Why do so many people seem to believe that larger planes are more comfortable than smaller ones? The only thing that really affects my comfort is the size of the seats and the space in between them.

air stagnation? i agree with ChrisA, article is kind of US centric. International flights are nice and relatively cheap. I'm a PhD student, not exactly drowning in cash, but still i can afford leisure America-Europe travels with relative ease 3 times.

From what my parents told me as an anecdote, is that air travel used to be more expensive, that kind of stuff you do on vacation once a year or reserved to bussinessmen. Could it be that air travel population have changed from big spenders to cheap travelers as me? Air carriers have to adapt to cheap travelers, cramped spaces, bad food, etc.
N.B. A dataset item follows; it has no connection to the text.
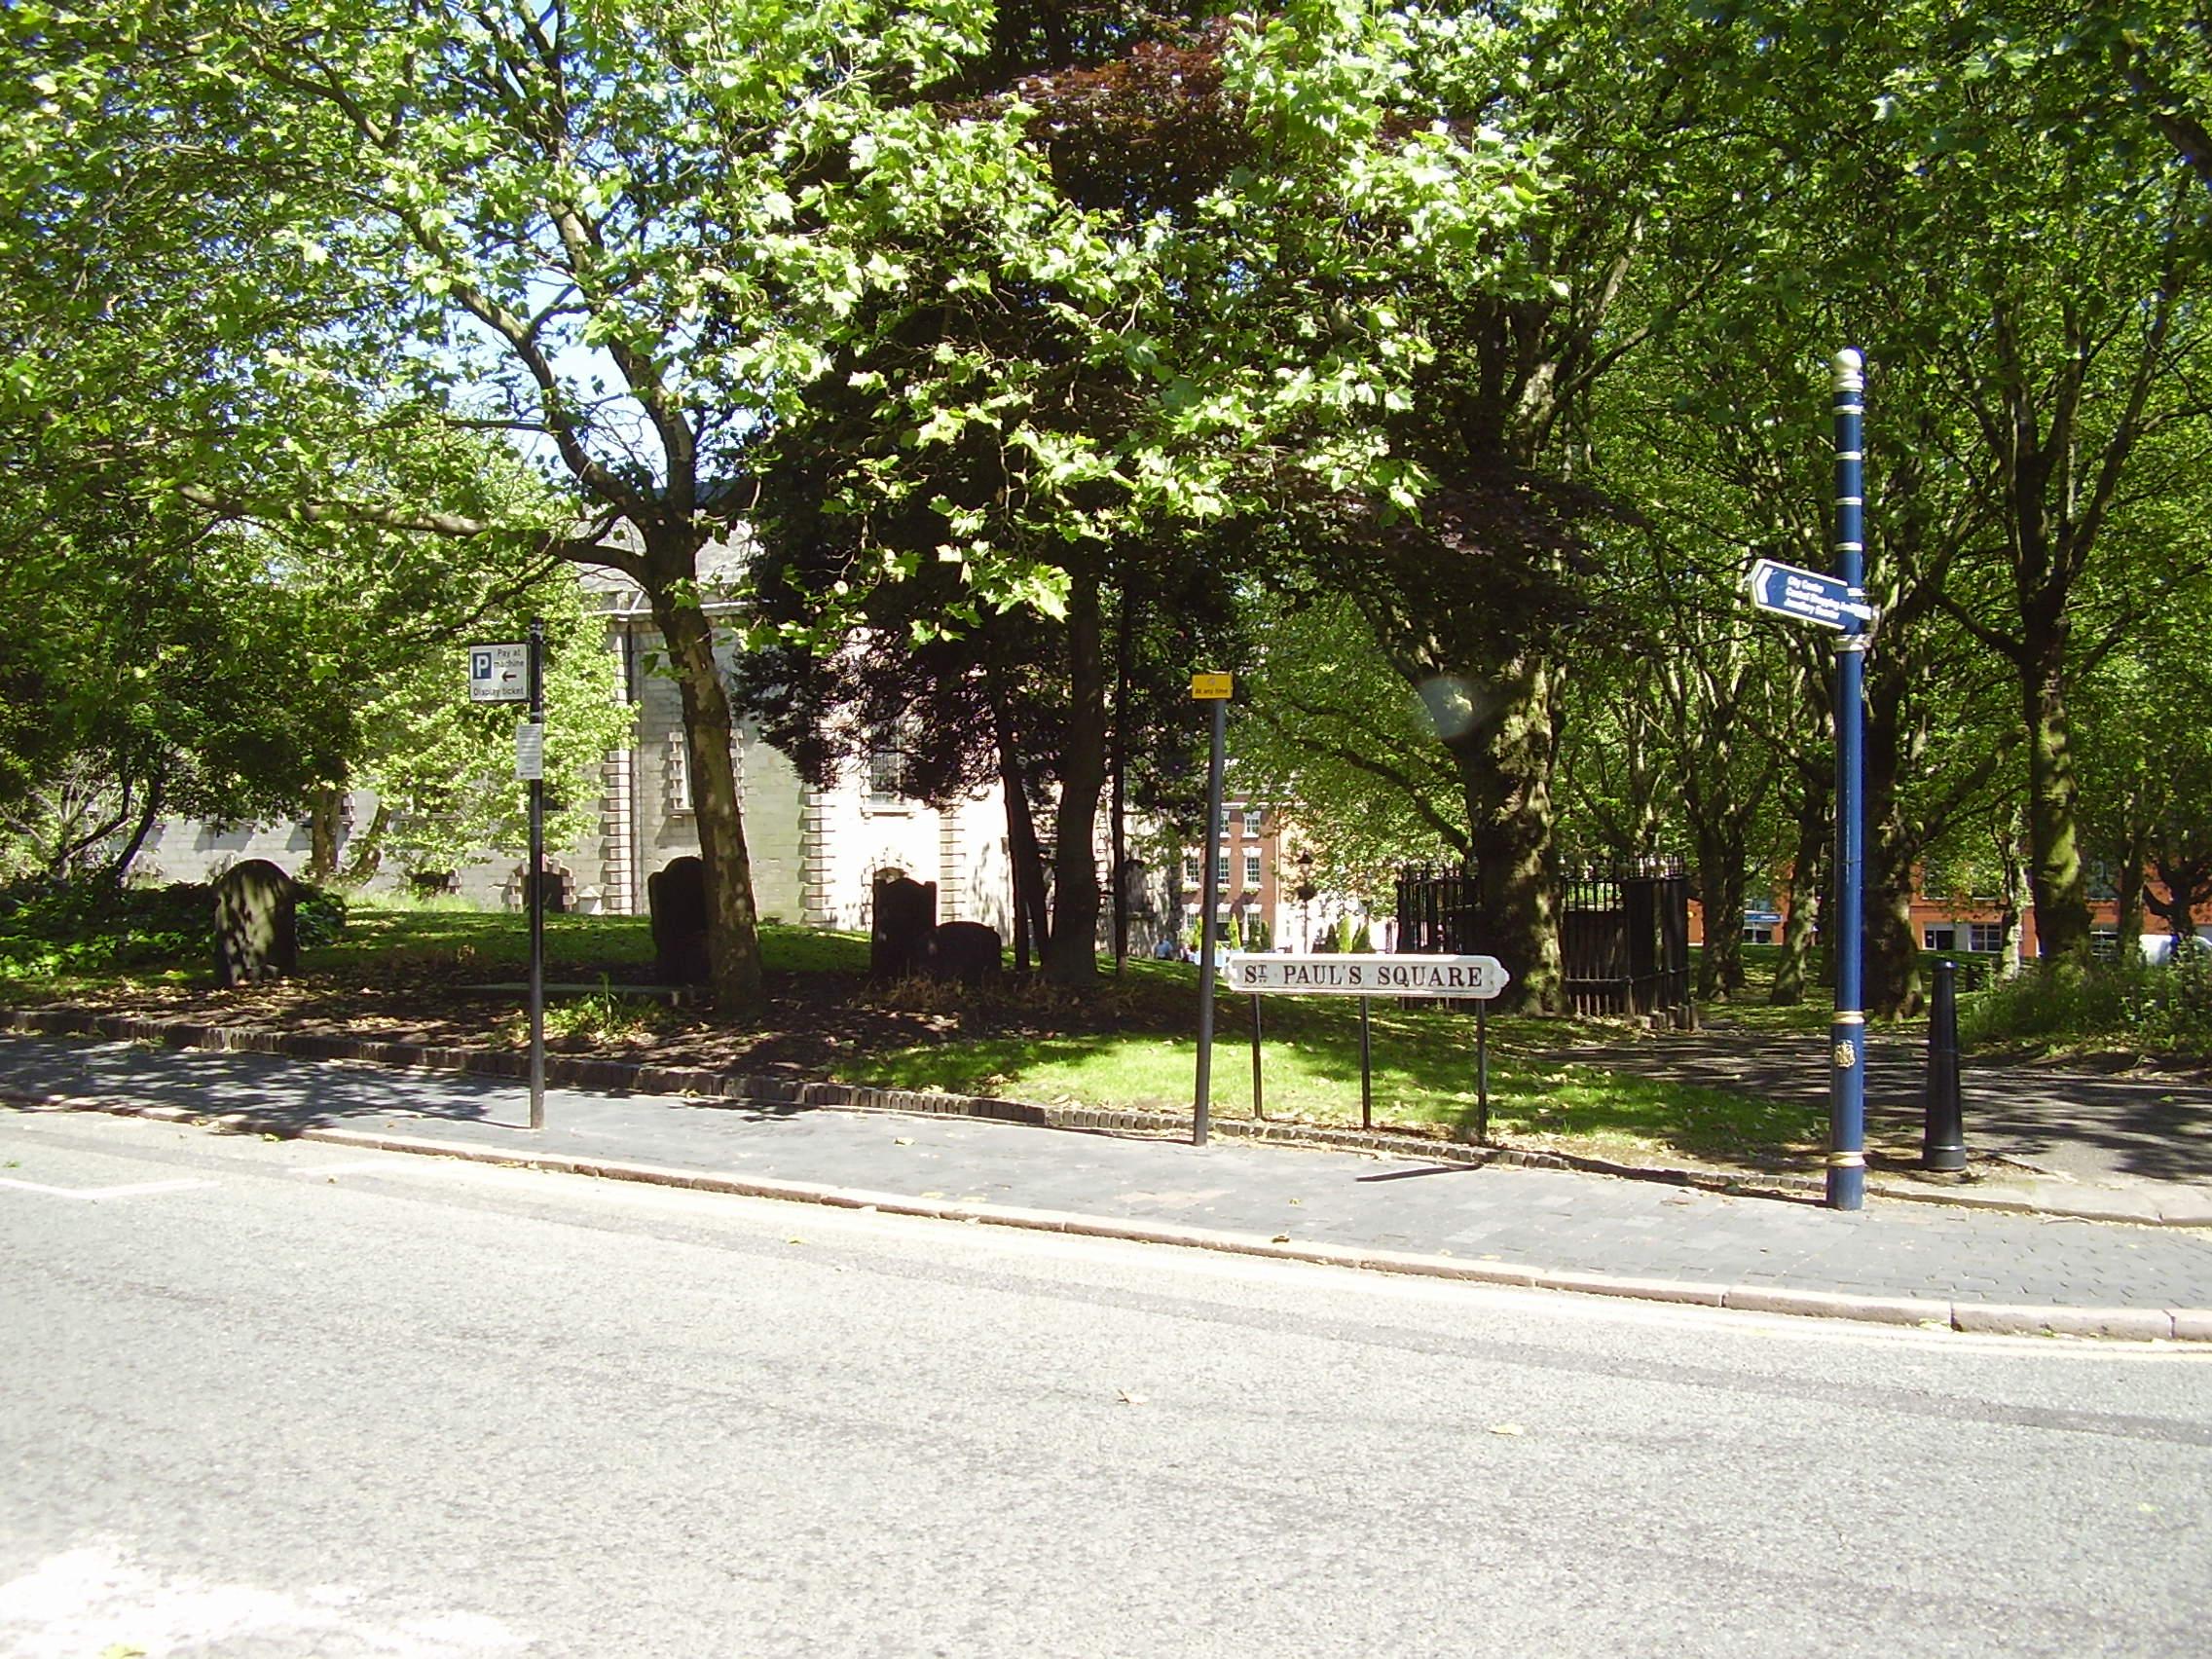 St Paul's Church Built in 1779  Grade 1 listed Birmingham Jewellery Quarter Photographed 2008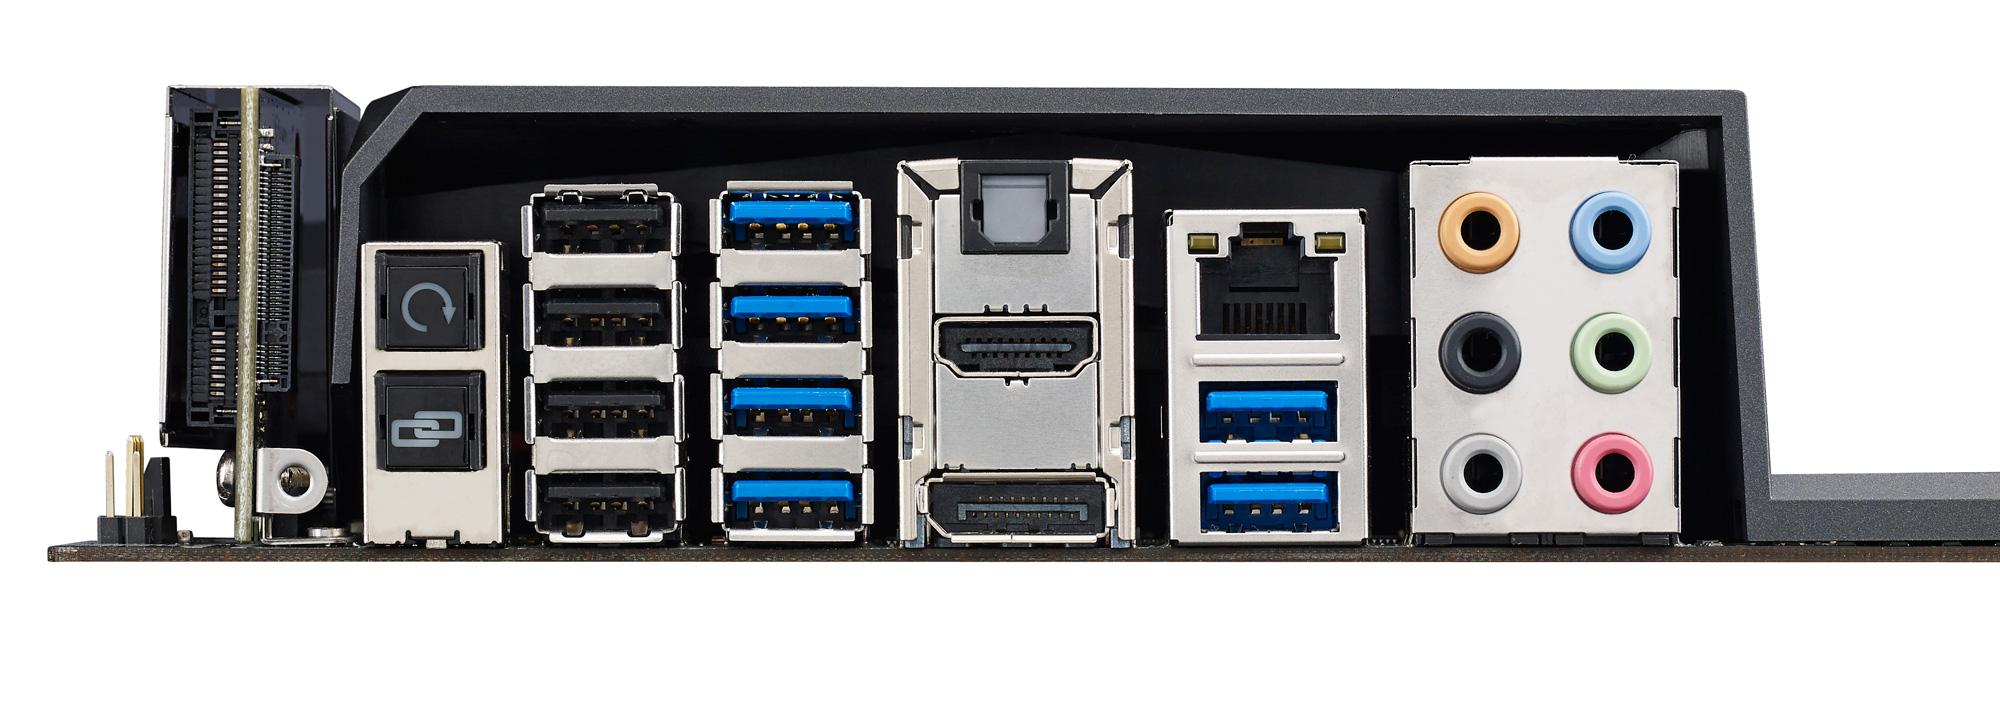 asus-z87-rog-maximus-vi-formula-gaming-motherboard-3.jpg

caution! stupid homophobic-misoginist comment!!! was has really stagnated about air travel are air hostess. when i was a kid i was marveled on the beauty of air hostess. nowadays, lots of gays and the same air hostess when i was a kid, but nowadays they are 50+ years old =(

Go to JFK. Strong corrolation between how a wealthy a society is and how hot the stewardesses are.

Air travel (domestic) has become a commodity.

#3: This is best understood in terms of the apocryphal Joseph Stalin quote: "The death of one man is a tragedy, the death of millions is a statistic."

If you there is some unique aspect to your plight, even something perfectly incidental, then people will care more.

#3 It was my observation living in Honduras for a while that the upper class are still mostly from European descent and that the lower classes are mostly from from native stock.